By default baredSC_2d uses 50 bins in x and 50 bins in y. But to increase the speed we use only 20 bins:

$ nnorm=1
$ baredSC_2d \
    --input example/nih3t3_generated_second.txt \
    --geneXColName 1_0.5_0.5_0.5_0.5_0.5_x \
    --geneYColName 1_0.5_0.5_0.5_0.5_0.5_y \
    --metadata1ColName group \
    --metadata1Values group1 \
    --output example/second_example_2d_cellgroup1_${nnorm}gauss_nx20 \
    --nnorm ${nnorm} \
    --nx 20 --ny 20 \
    --figure example/second_example_2d_cellgroup1_${nnorm}gauss_nx20.png \
    --title "second example 2d cell group 1 ${nnorm} gauss 20 bins"

We see that the correlation found is 0.44 +/- 0.11.
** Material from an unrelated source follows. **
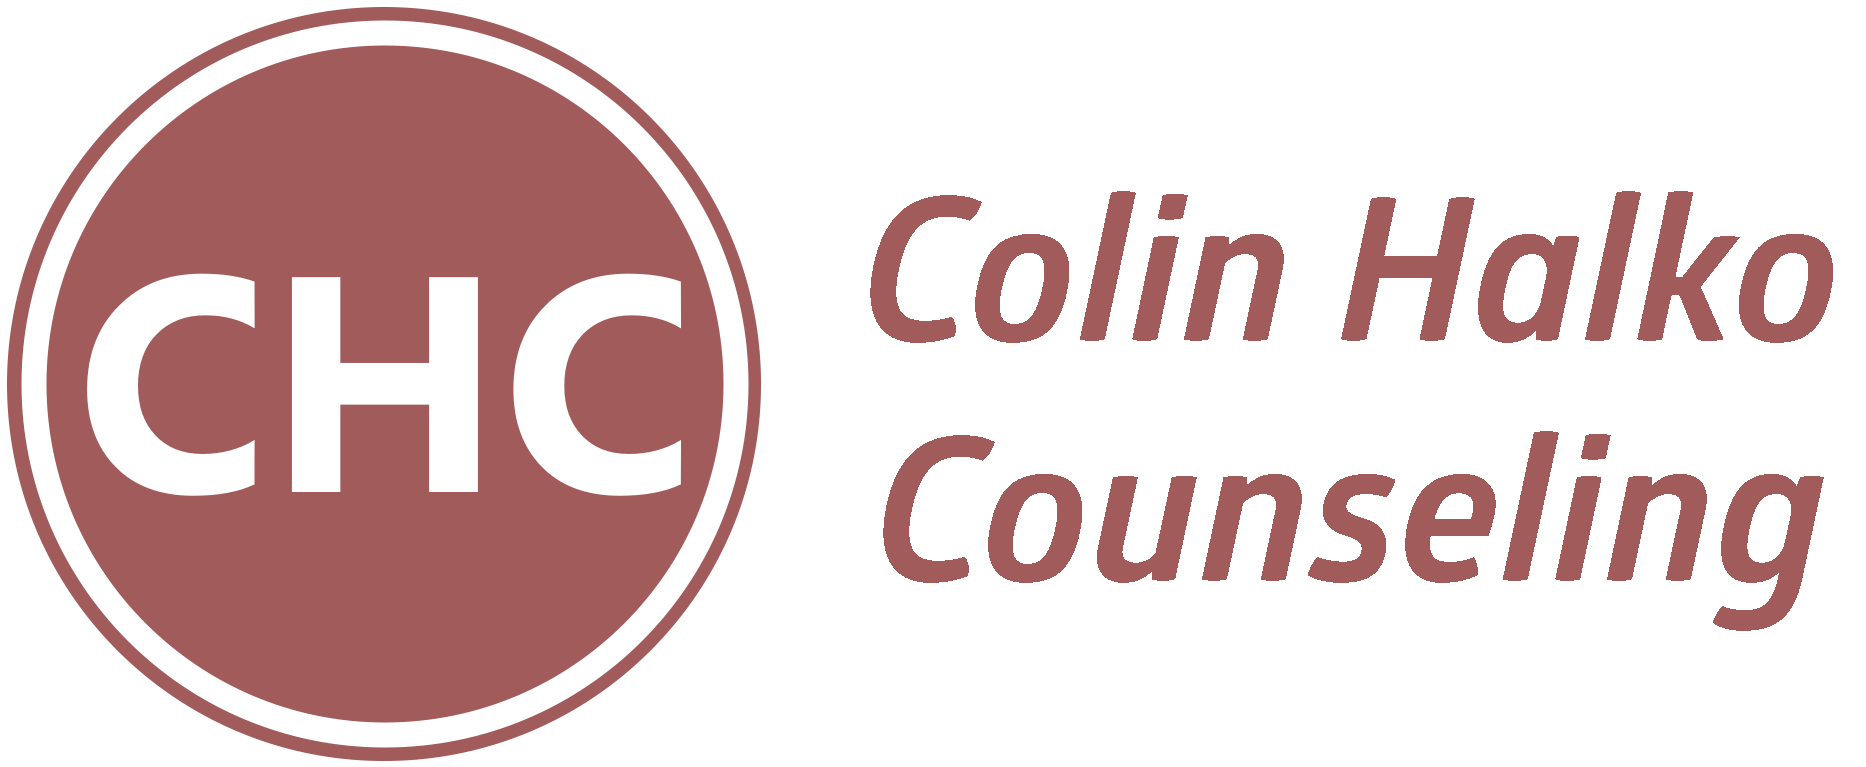 Colin Halko Counseling LLC

../../_images/second_example_2d_cellgroup1_1gauss_nx20_corner.png

Let see how this changes if we reduce the scale of the Normal distribution of the prior to 0.1

$ nnorm=1
$ baredSC_2d \
    --input example/nih3t3_generated_second.txt \
    --geneXColName 1_0.5_0.5_0.5_0.5_0.5_x \
    --geneYColName 1_0.5_0.5_0.5_0.5_0.5_y \
    --metadata1ColName group \
    --metadata1Values group1 \
    --output example/second_example_2d_cellgroup1_${nnorm}gauss_nx20_smallSP \
    --nnorm ${nnorm} \
    --nx 20 --ny 20 \
    --scalePrior 0.1 \
    --figure example/second_example_2d_cellgroup1_${nnorm}gauss_nx20_smallSP.png \
    --title "second example 2d cell group 1 ${nnorm} gauss small scalePrior"

We see that the correlation drop to 0.18 +/- 0.08.

../../_images/second_example_2d_cellgroup1_1gauss_nx20_smallSP_corner.png

On the contrary, if we know that there is a correlation we can increase this value in order to remove the penalty on high correlation coefficient.

$ nnorm=1
$ baredSC_2d \
    --input example/nih3t3_generated_second.txt \
    --geneXColName 1_0.5_0.5_0.5_0.5_0.5_x \
    --geneYColName 1_0.5_0.5_0.5_0.5_0.5_y \
    --metadata1ColName group \
    --metadata1Values group1 \
    --output example/second_example_2d_cellgroup1_${nnorm}gauss_nx20_largeSP \
    --nnorm ${nnorm} \
    --nx 20 --ny 20 \
    --scalePrior 3 \
    --figure example/second_example_2d_cellgroup1_${nnorm}gauss_nx20_largeSP.png \
    --title "second example 2d cell group 1 ${nnorm} gauss large scalePrior"

We see that the correlation is now at 0.51 +/- 0.11.

../../_images/second_example_2d_cellgroup1_1gauss_nx20_largeSP_corner.png

However, these settings may detect (anti-)correlations in situation where there is no, that’s why we recommand the default value if you don’t have any knowledge on the correlation you expect.